Since the pleasure of dining in was suspended, Sherpa's became a constant companion on my cellphone. I would send an order before 10 am and double up on the order to cover dinner, too.

I would track the guy bringing the food over on the app on my cellphone. When the motorcycle was 2 kilometers away from the south gate, I would head down and wait just inside the barrier.

Luckily for me, the food deliveries normally had the name of the restaurant on. No fumbling around trying to figure out which order was mine.

I would wave to the delivery guy, and he would hand over the food across the barrier so the food would not be left in the delivery shelf, wilting away in the searing sun.

It got to the point where the delivery guys would recognize me waiting in the shade of the tree near the south gate of the China Daily compound and half run over to pass it across the barrier.

Come to think of it, the summer sun was not so bad because a slight wind would often kick up, cooling my sweaty forehead.

One day blended into another.

My wife was told to go into work and, for a while, we thought life was headed back to normal.

As easily as the restrictions relaxed, the whole thing shut down again.

A popular bar got hit by an outbreak and we went into testing for an entire week or so.

After a while, the routine has become familiar, if a little dreary in its repetitiveness.
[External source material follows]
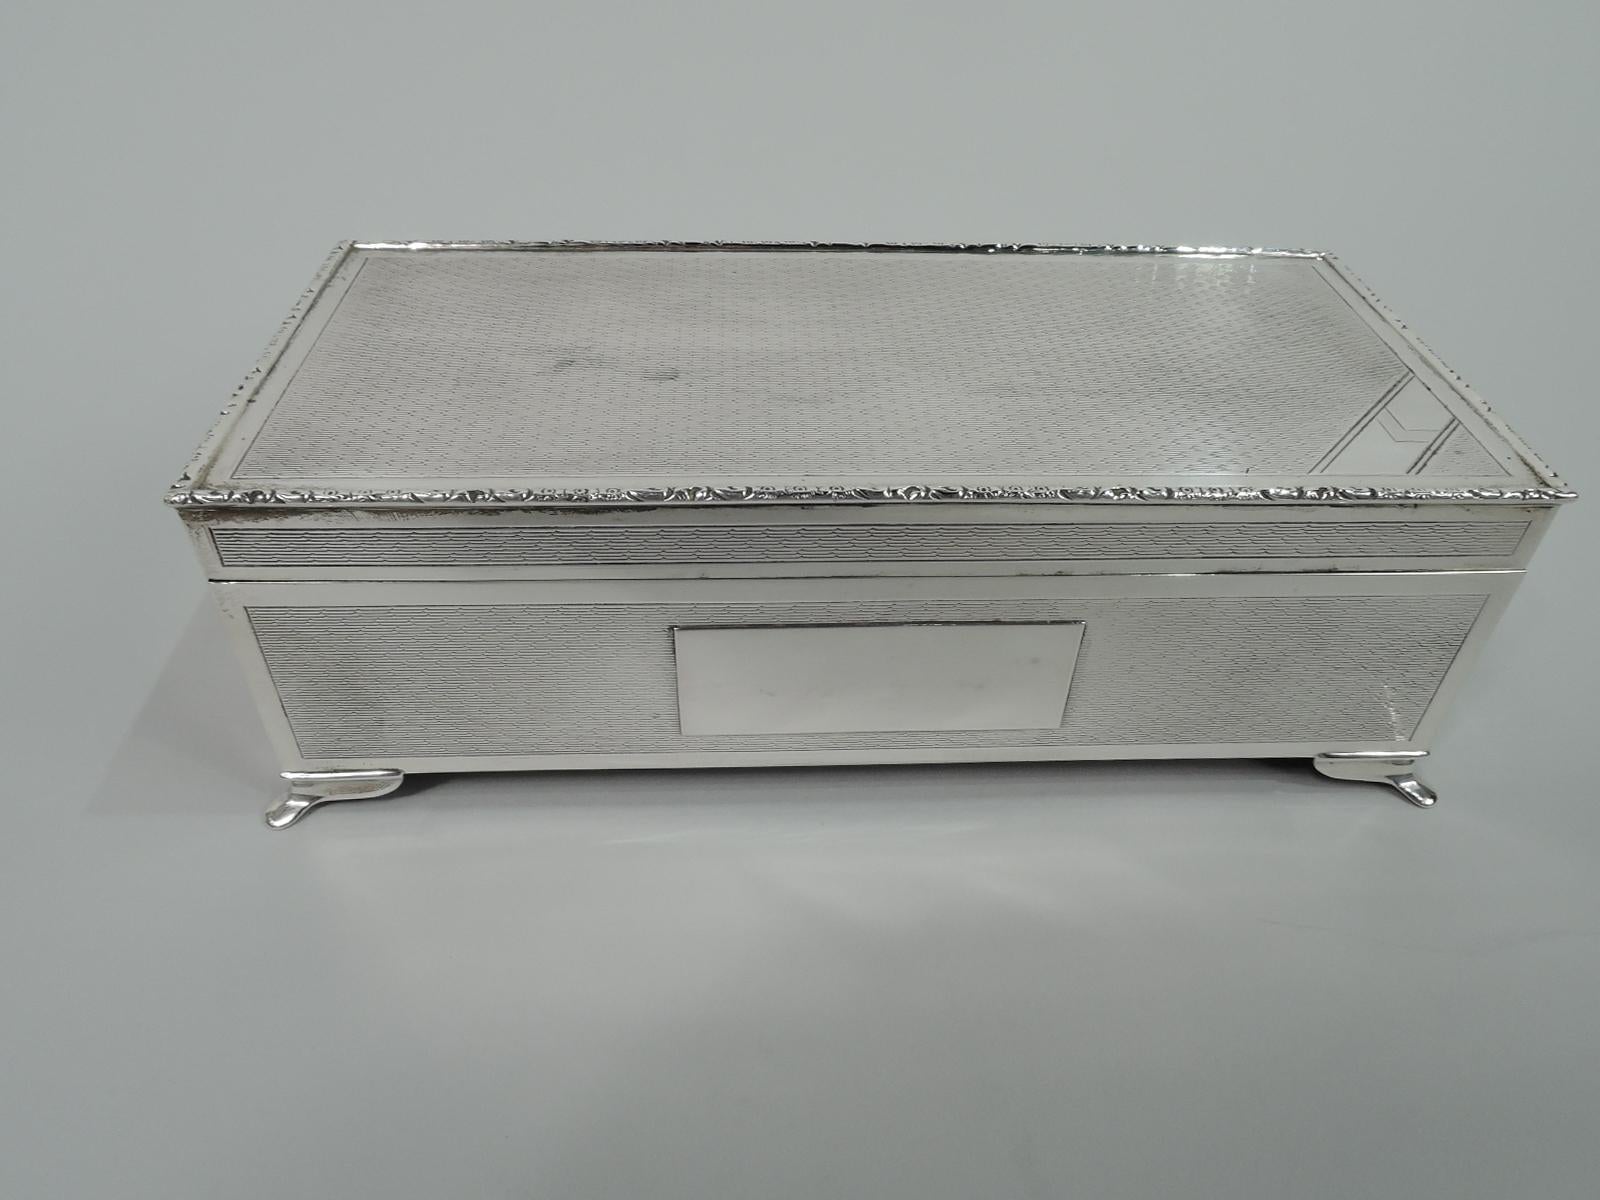 Art Deco sterling silver box. Made by Harman Bros in Birmingham in 1990. Rectangular with straight sides. Cover flat and hinged. Corner bracket supports. Engine-turned ornament in plain frames on sides and cover top. Front side has applied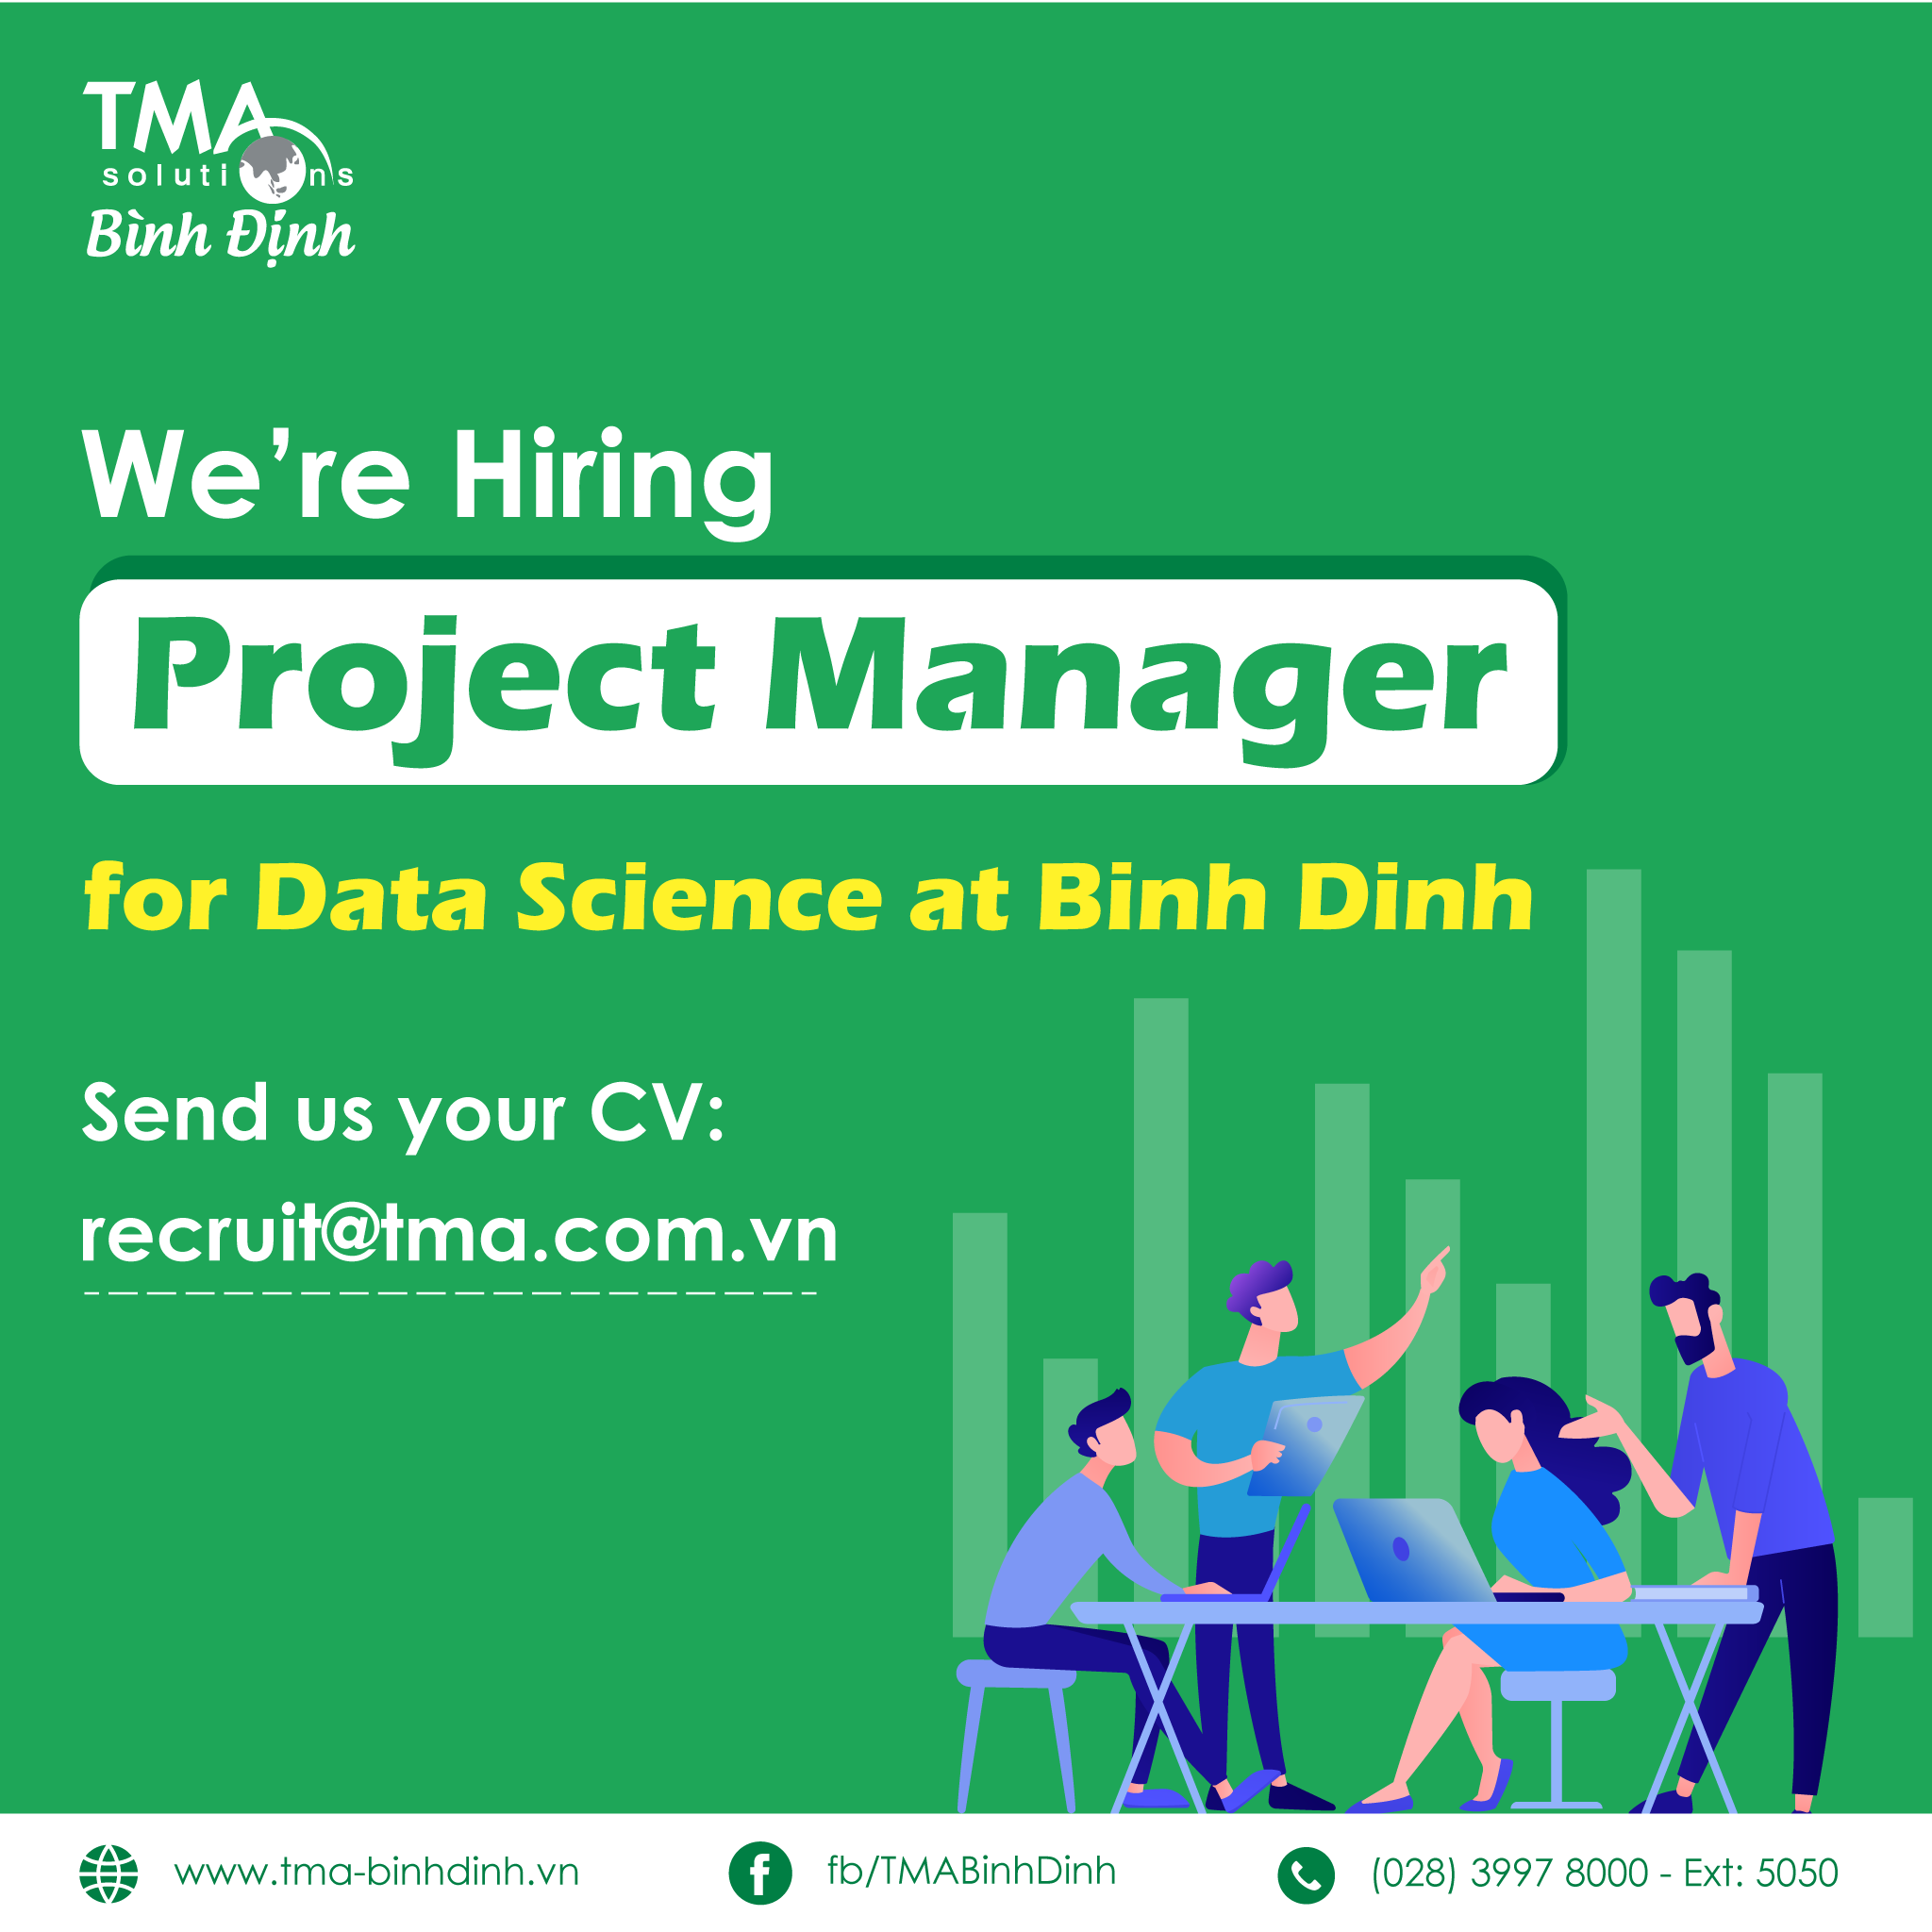 TMA Solutions is hiring Project Manager for Data Science at Binh Dinh

My wife was told to go back to working from home. The colleagues she so enjoyed talking with headed back to the isolation of their own dwellings across the city.

The mental grind of being alone in a comfortable apartment, well, gets into your head.

There is nothing physical ailing you. The difficulty is all in your brain. The hard part is that you hope it ends one day and you want to smell the world all over again. Or, revel in the chatter of office gossip.

One can only hope it will be over soon. For now, just soak in the quiet. "Hello darkness, my old friend," I hum to no one in particular.

But now, with the summer at its height, and the pandemic currently in retreat, it's time for everyone to appreciate that "something "which they took for granted, but missed when it was gone. For me that's going out and running around the city.